Stored data
================
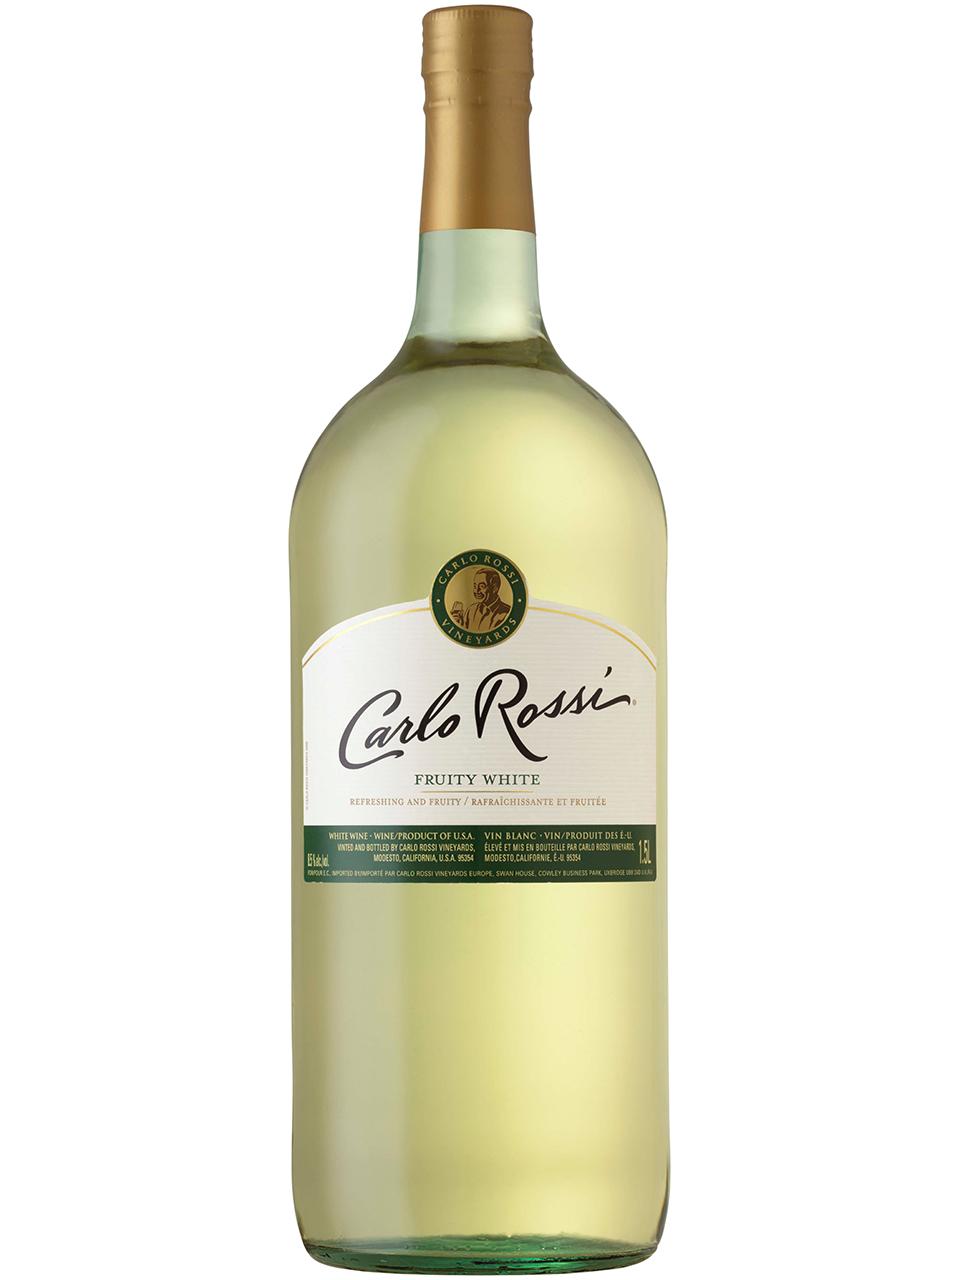 Carlo Rossi Fruity White
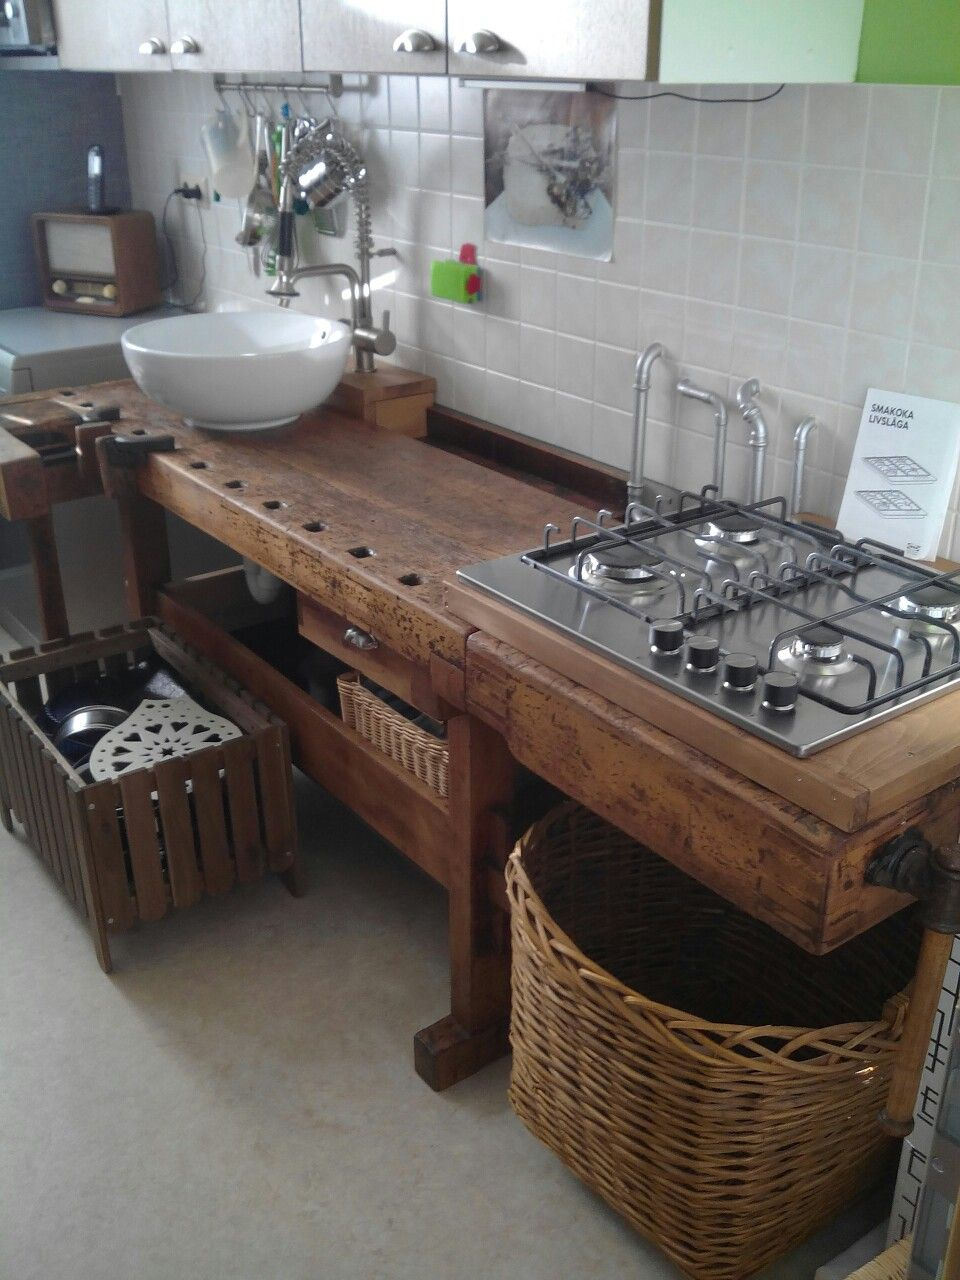 Charmant Werkbank Küche Bilder Die Besten Wohnideen kinjolas
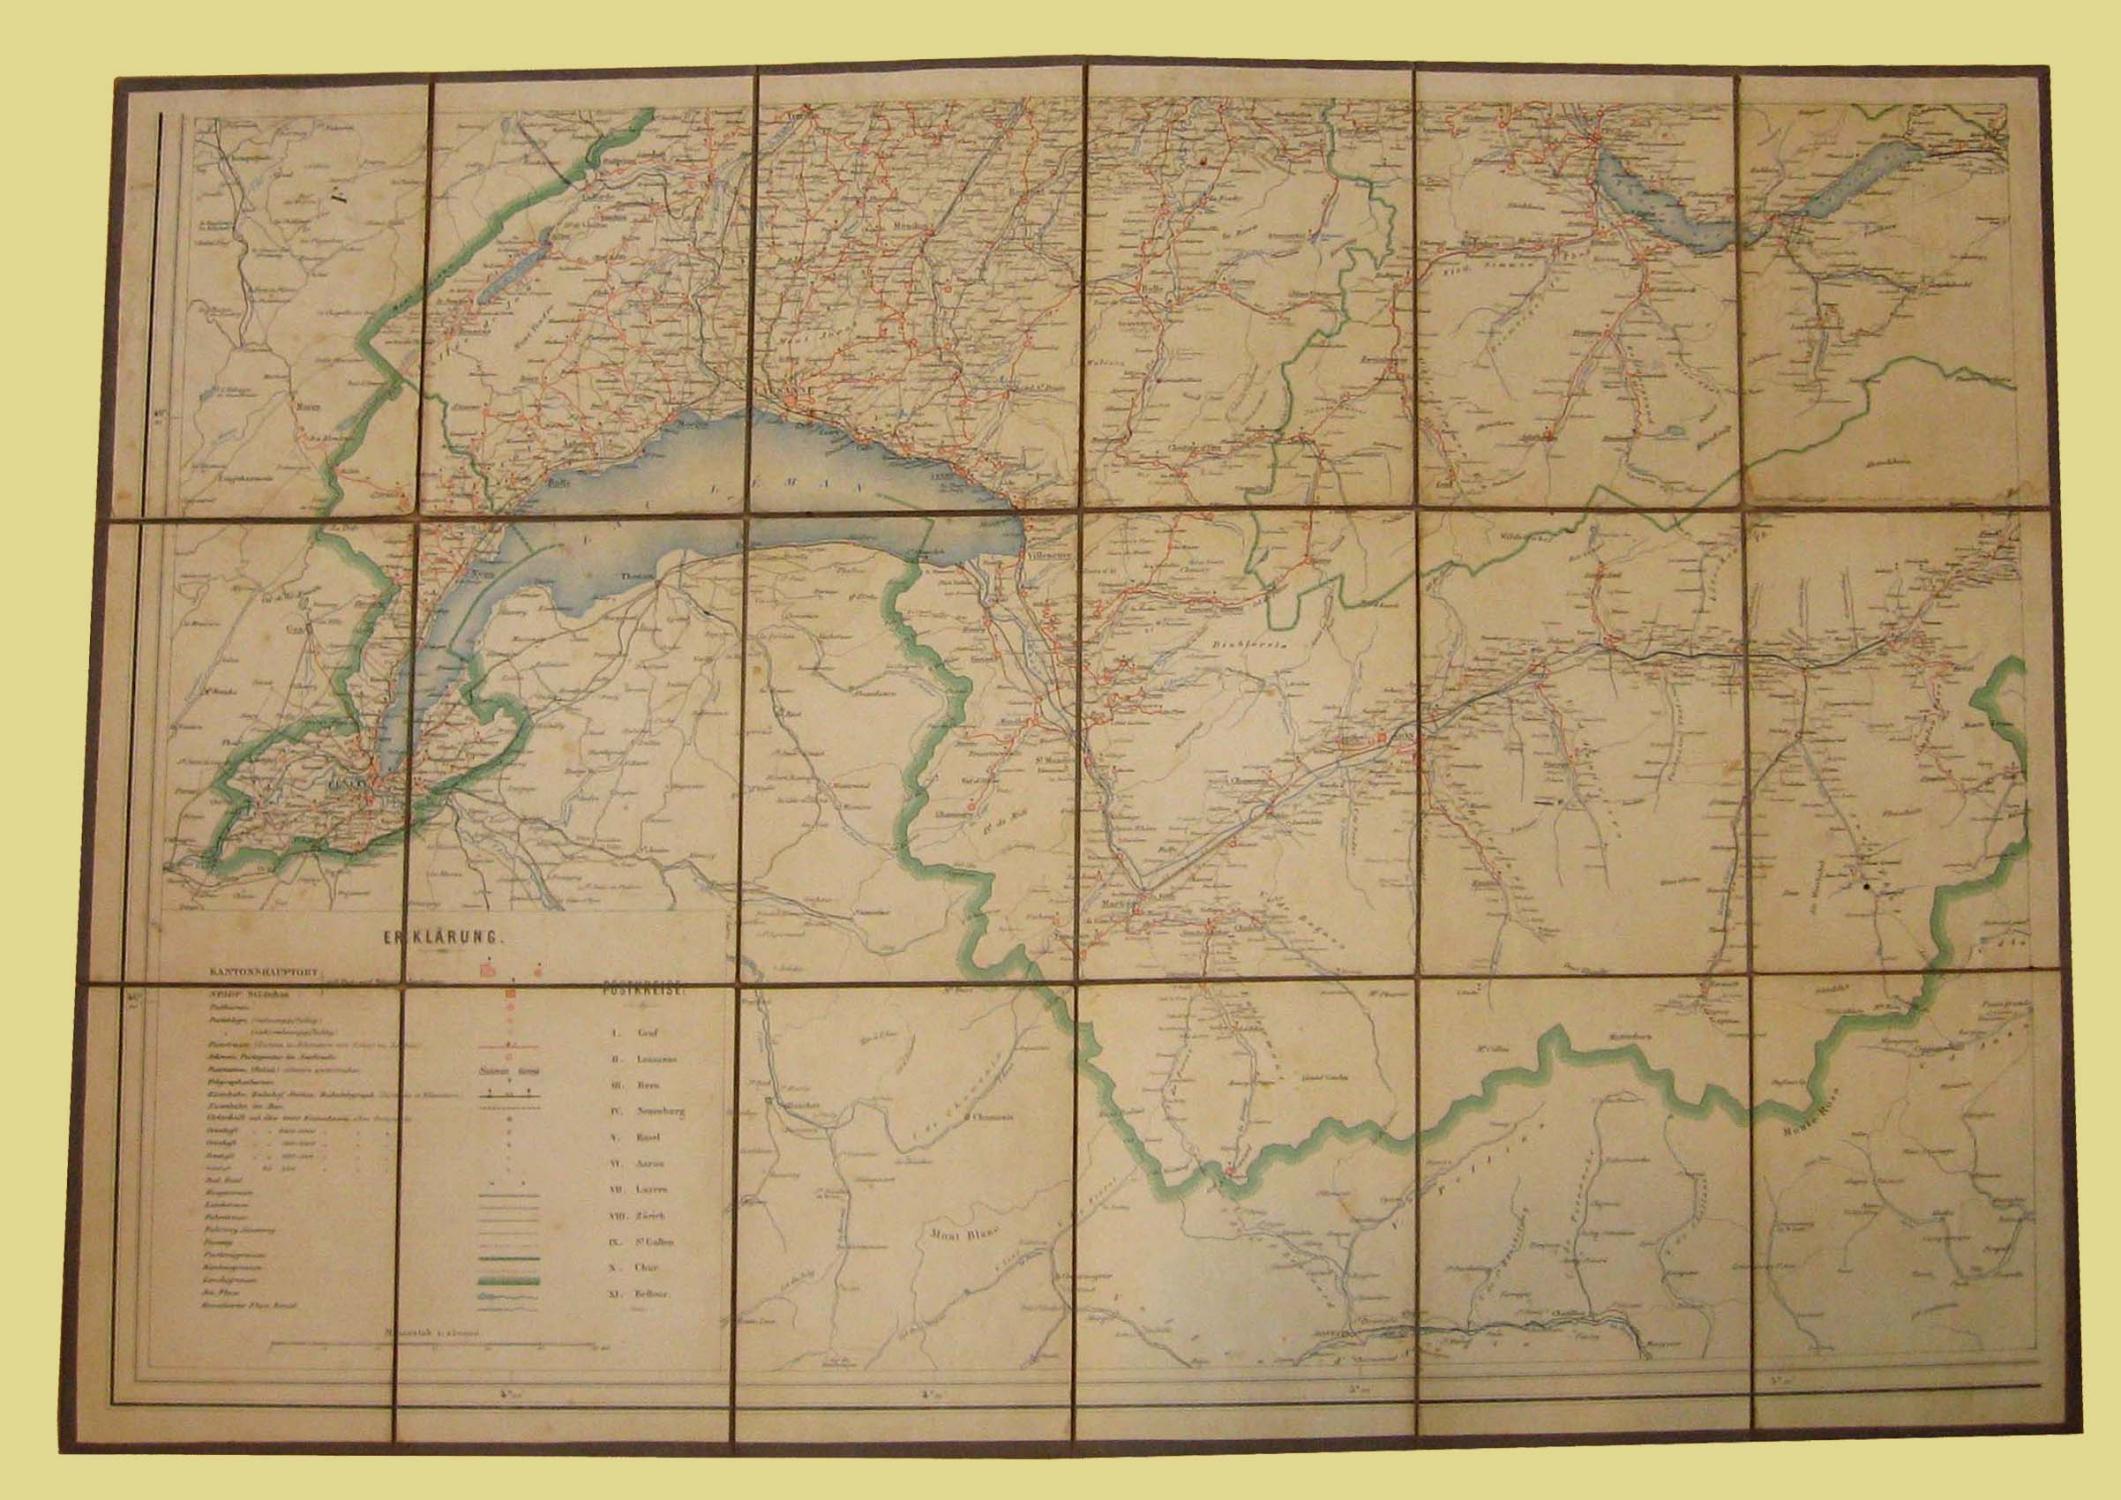 La Cartina Geografica Della Svizzera.Carta Geografica Della Svizzera Edizione Tedesca Da N D 1900 Mappa Studio Bibliografico Imprimatur
================
Your assignment
Could all the data above be given again exactly, leaving out its images?

Your response
 Carlo Rossi Fruity White
 Charmant Werkbank Küche Bilder Die Besten Wohnideen kinjolas
 La Cartina Geografica Della Svizzera.Carta Geografica Della Svizzera Edizione Tedesca Da N D 1900 Mappa Studio Bibliografico Imprimatur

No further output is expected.